I've been making small batches of hard candy using my own flavor extracts. My problem is that after several highly successful batches I've started having trouble with the candy being tacky and a bit soft. 

Based on many recipes I've seen online I've been using 1/3 cup light corn syrup for every cup of sugar, mixed with enough water to keep the sugar from burning before it comes to a boil. The batch I made yesterday was 2 cups sugar, 2/3 cup light corn syrup, mixed with about 3/4 cup water. I bring the mix to a boil over med-high heat. Once the foam has subsided, I cover for five minutes. When the cover is removed I attach a good quality digital thermometer (which is within 1 degree on the boiling water test), ensuring it's submerged but not touching the bottom of the pan. When the temperature hits 280F I reduce the heat to med-low and add the food coloring. (I've been using a couple drops of a gel coloring.) When the temp consistently stays above 305F, I turn off the flame and begin to gently move a silicone spoon around the pot just to keep a bit of motion. (When I just let it sit undisturbed I found the bottom and sides stayed very hot and liquid while the center top got quite solid. I started gently stirring on the next batch.) When the bubbling stops, usually around 290F, I gently stir in the extract. The extracts all have 80 proof vodka as the solvent. The amount of extract varies depending on the batch.

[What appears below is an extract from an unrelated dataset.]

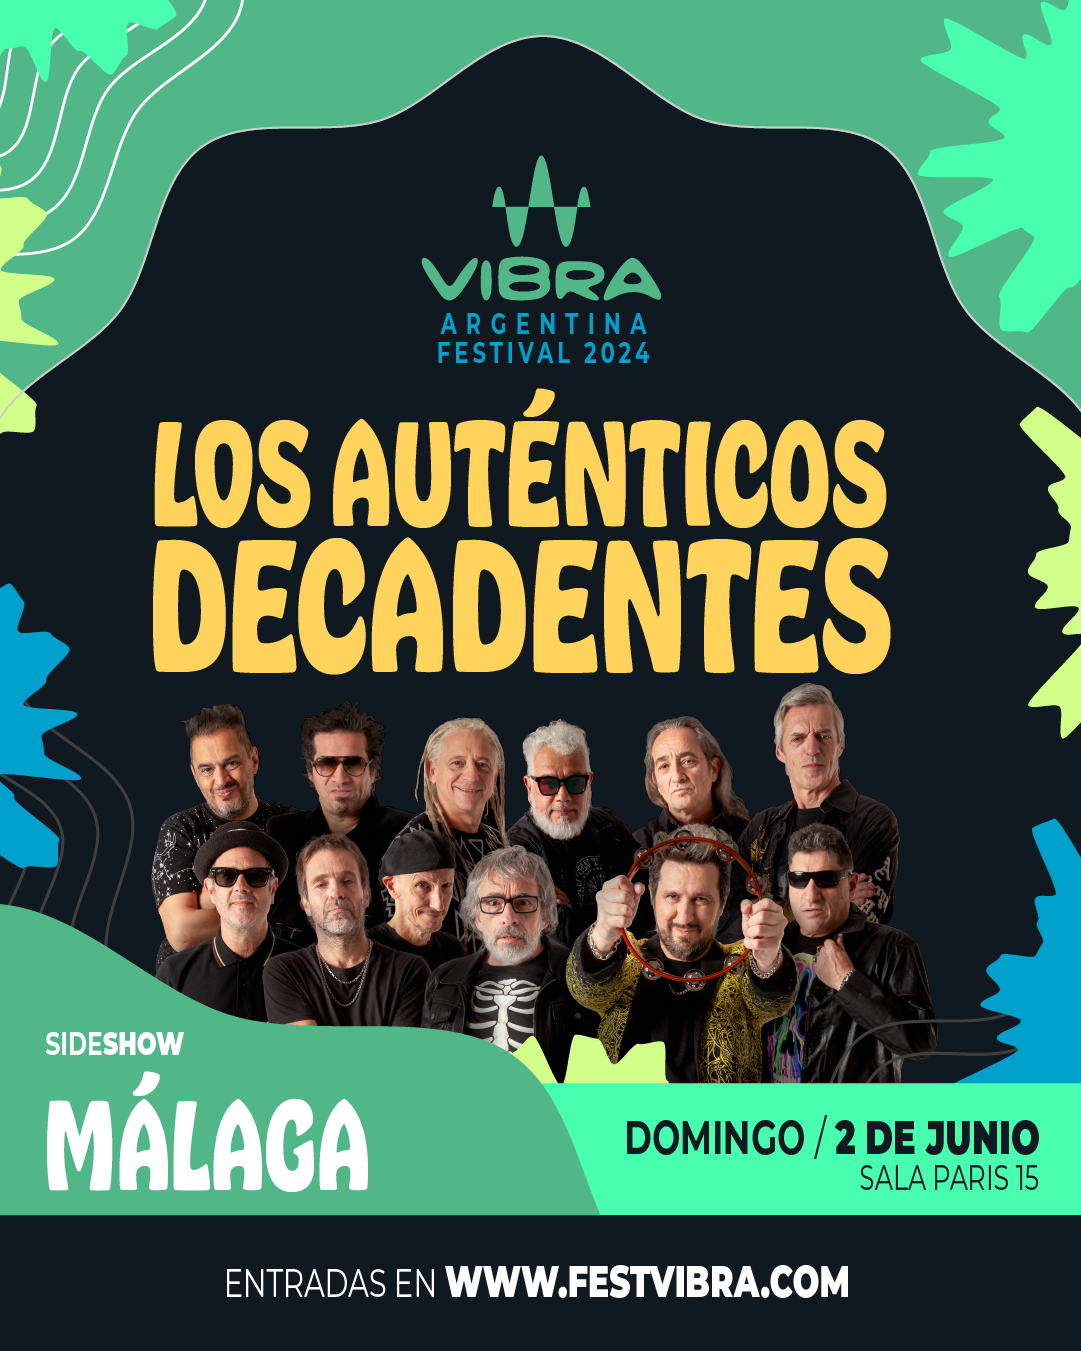 VIBRA ARGENTINA FESTIVAL 2024 en MALAGA, sala paris 15, Domingo 2 Junio Los Autenticos Decadentes. Entradas y Info: www.festvibra.com
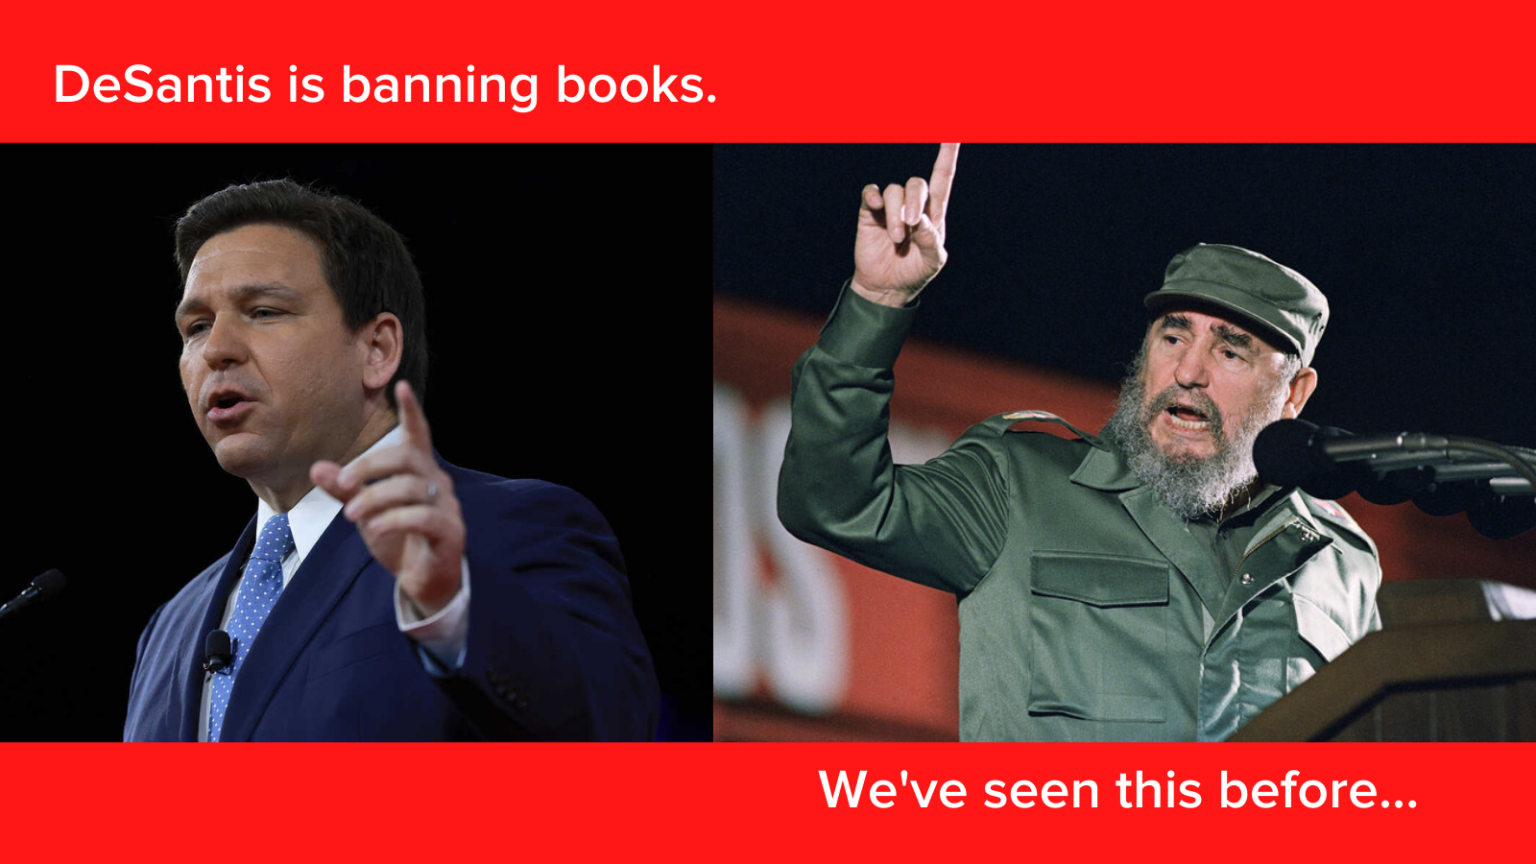 ДеСантіс, як і Кастро, забороняє книги

This last batch of cinnamon was a bit weak so I used 2 Tblsp plus 1/4 tsp vanilla. When the candy has stopped bubbling from the extract, I pour into silicone molds. 

My very first batch of candy crystallized, but I've had no issues with that at all since that first time. I had one batch that was a bit tacky after cooling. That's when I started turning down the flame at 280F to be sure I was getting the whole mix up to temp and not having pockets that were much hotter. I had very good results for several batches after that. 

My problem is that my recent batches have been tacky and slightly soft. It's basically hard, but you can form it to the roof of your mouth by pushing with your tongue and it has a tendency to stick to the teeth. The batches I considered complete successes were rock hard all the way until they fully dissolved. 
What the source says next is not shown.